We also study the evolution of a spiral wave when the coupling range increases for the lattice of discrete-time oscillators (maps). A basic element of this lattice is the Nekorkin map described as follows:

$$\displaystyle x^{t+1}=x^{t}+F(x^{t})-y^{t}-\beta H(x^{t}-d),$$

(A.1)

$$\displaystyle y^{t+1}=y^{t}+\varepsilon(x^{t}-J),$$

where \(x^{t}\) is a variable that describes the dynamics of the membrane potential of the nerve cell, \(y^{t}\) is a variable that relates to the cumulative effect of all ion currents across the membrane, and the functions \(F(x^{t})\) and \(H(x^{t}-d)\) are given as follows:

$$\displaystyle F(x^{t})=x^{t}(x^{t}-a)(1-x^{t}),\qquad 0<a<1,$$

(A.2)

$$\displaystyle H(x^{t})=\begin{cases}1,\qquad x^{t}>0,\\ 0,\qquad\mbox{elsewhere}.\end{cases}$$

The parameter \(\varepsilon>0\) determines the characteristic time scale of \(y^{t}\), the parameter \(J\) controls the level of the membrane depolarization \((J<d)\), the parameters \(\beta>0\) and \(d>0\) determine the excitation threshold of bursting oscillations, and \(t=1,2,\ldots\) represents discrete time.

An \(N\times N\) 2D lattice of the nonlocally coupled Nekorkin maps is described by the following system of equations:

$$\displaystyle x_{i,j}^{t+1}=x_{i,j}^{t}+F(x_{i,j}^{t})-y_{i,j}^{t}-\beta H(x_{i,j}^{t}-d)+$$

$$\displaystyle+\dfrac{\sigma_{x}}{B_{i,j}^{x}}\sum\limits_{m_{x},n_{x}}\left[f(x_{m_{x},n_{x}}^{t})-f(x_{i,j}^{t})\right],$$

(A.3)

$$\displaystyle y_{i,j}^{t+1}=y_{i,j}^{t}+\varepsilon(x_{i,j}^{t}-J),$$

where \(m_{x},n_{x}\in\mathbb{N}\) are indices for nonlocal neighbors.
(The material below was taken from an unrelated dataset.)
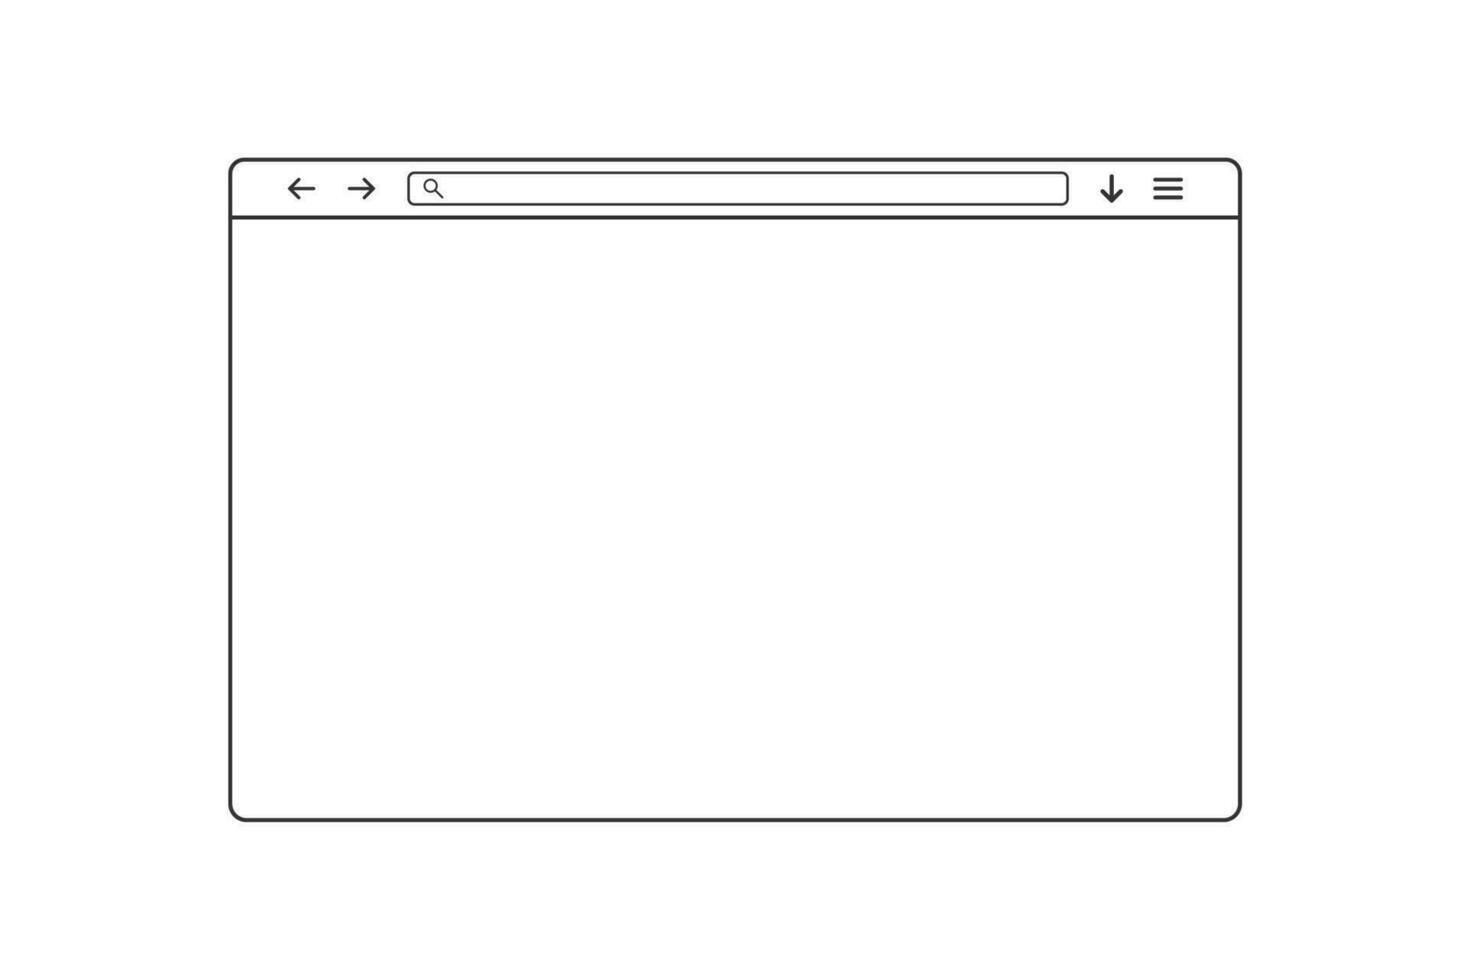 web navegador ventana. sencillo contorno web página. navegador modelo con buscar bar y lupa icono. aislado sitio web ventana en blanco antecedentes. transparente web navegador marco con DIRECCIÓN. eps 10 vector

The sum denotes nonlocal coupling of range \(R_{x}\) in a square domain. The parameter \(\sigma_{x}\) denotes the coupling strength between the elements in the \(x\) variable, and \(B_{i,j}^{x}\) gives the number of nonlocally coupled neighbors of node (\(i,j\)).

The numerical results show that, when the nonlocal coupling strength \(\sigma_{x}\) and the coupling range \(R_{x}\) are varied, the model (A.3) can exhibit all the typical spiral wave patterns, including spiral wave chimeras, which were observed earlier. Examples of these states are presented in Fig. 11 (left). It is seen that the evolution of a spiral wave with increasing values of the coupling range is the same as that of the systems described above. However, the region around the wave center has high sensitivity even when the coupling is local. This happens as the wave center element oscillates chaotically. Even a slight elongation of the coupling range leads to a significant expansion of the high-sensitive region around the wave center in space. The formation of the incoherence core has already taken place for \(r=0.05\). The right column in Fig. 11 illustrates the spatial distributions of the ILS with the growth of the coupling strength.
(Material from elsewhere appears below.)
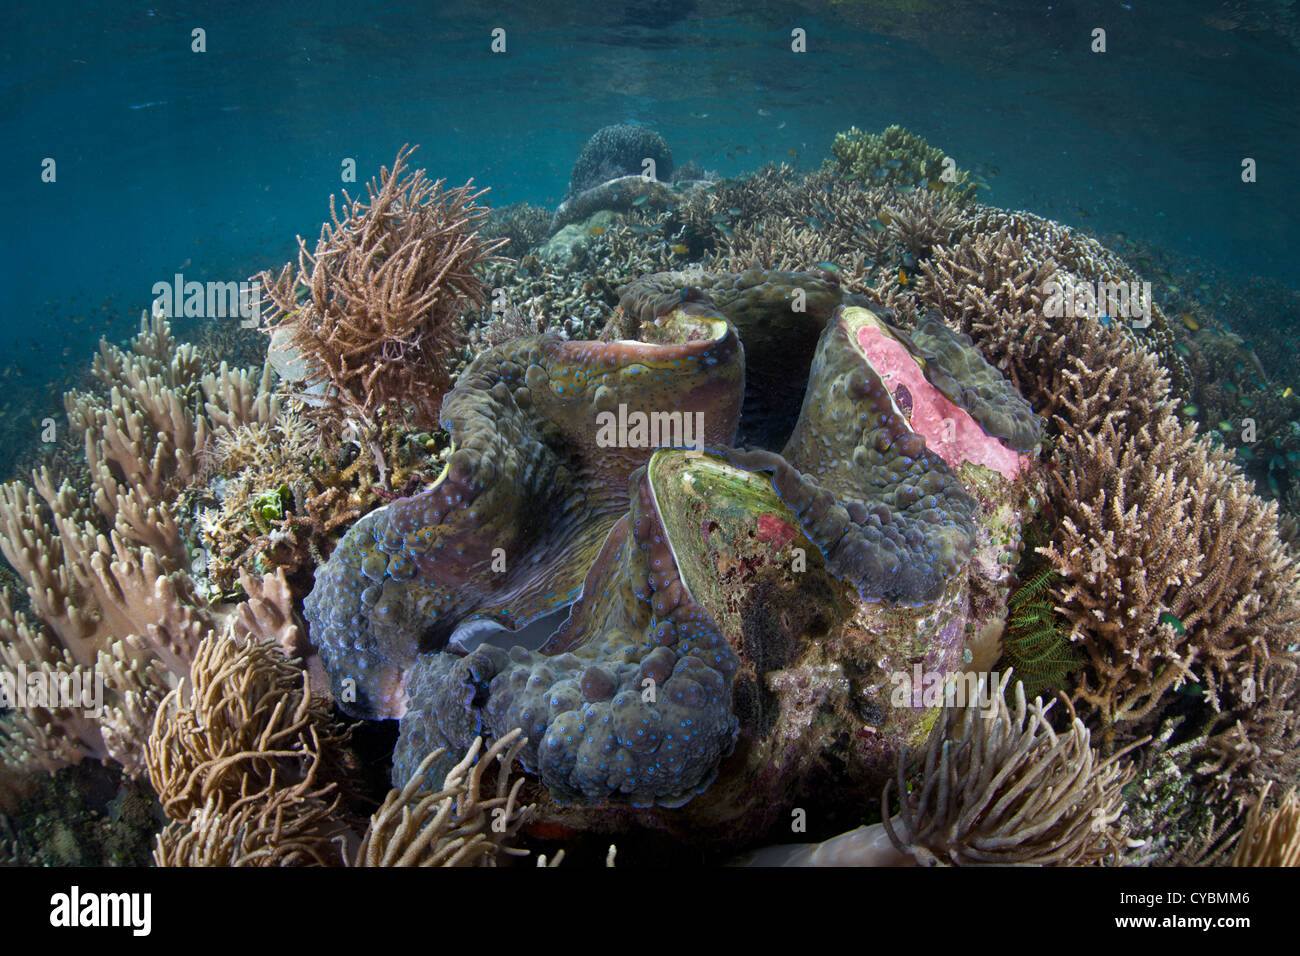 Eine massive Riesenmuschel Tridacna Gigas, wächst in sehr flachem Wasser an einem gesunden Korallenriff. Dies ist eine vom Aussterben bedrohte Arten. Stockfoto

The evolution of the first three Lyapunov exponents for the system (A.3) is illustrated in Fig. 12. The behavior of all the Lyapunov exponents is simpler than that in the models (1.2) and (1.5). The lattice is always in the hyperchaotic regime (even for the very short and very long coupling ranges) because all the three calculated Lyapunov exponents are positive. The elongation of the coupling range leads to the growth of the values of the Lyapunov exponents. The value of \(\lambda_{1}(r)\) first monotonically increases and then undergoes almost no changes with increasing coupling range. The values of \(\lambda_{2}(r)\) and \(\lambda_{3}(r)\) also exhibit a monotonous increase. When the model (A.3) switches to the synchronous regime at \(r=0.23\), the values of all the three Lyapunov exponents sharply decrease, but remain positive.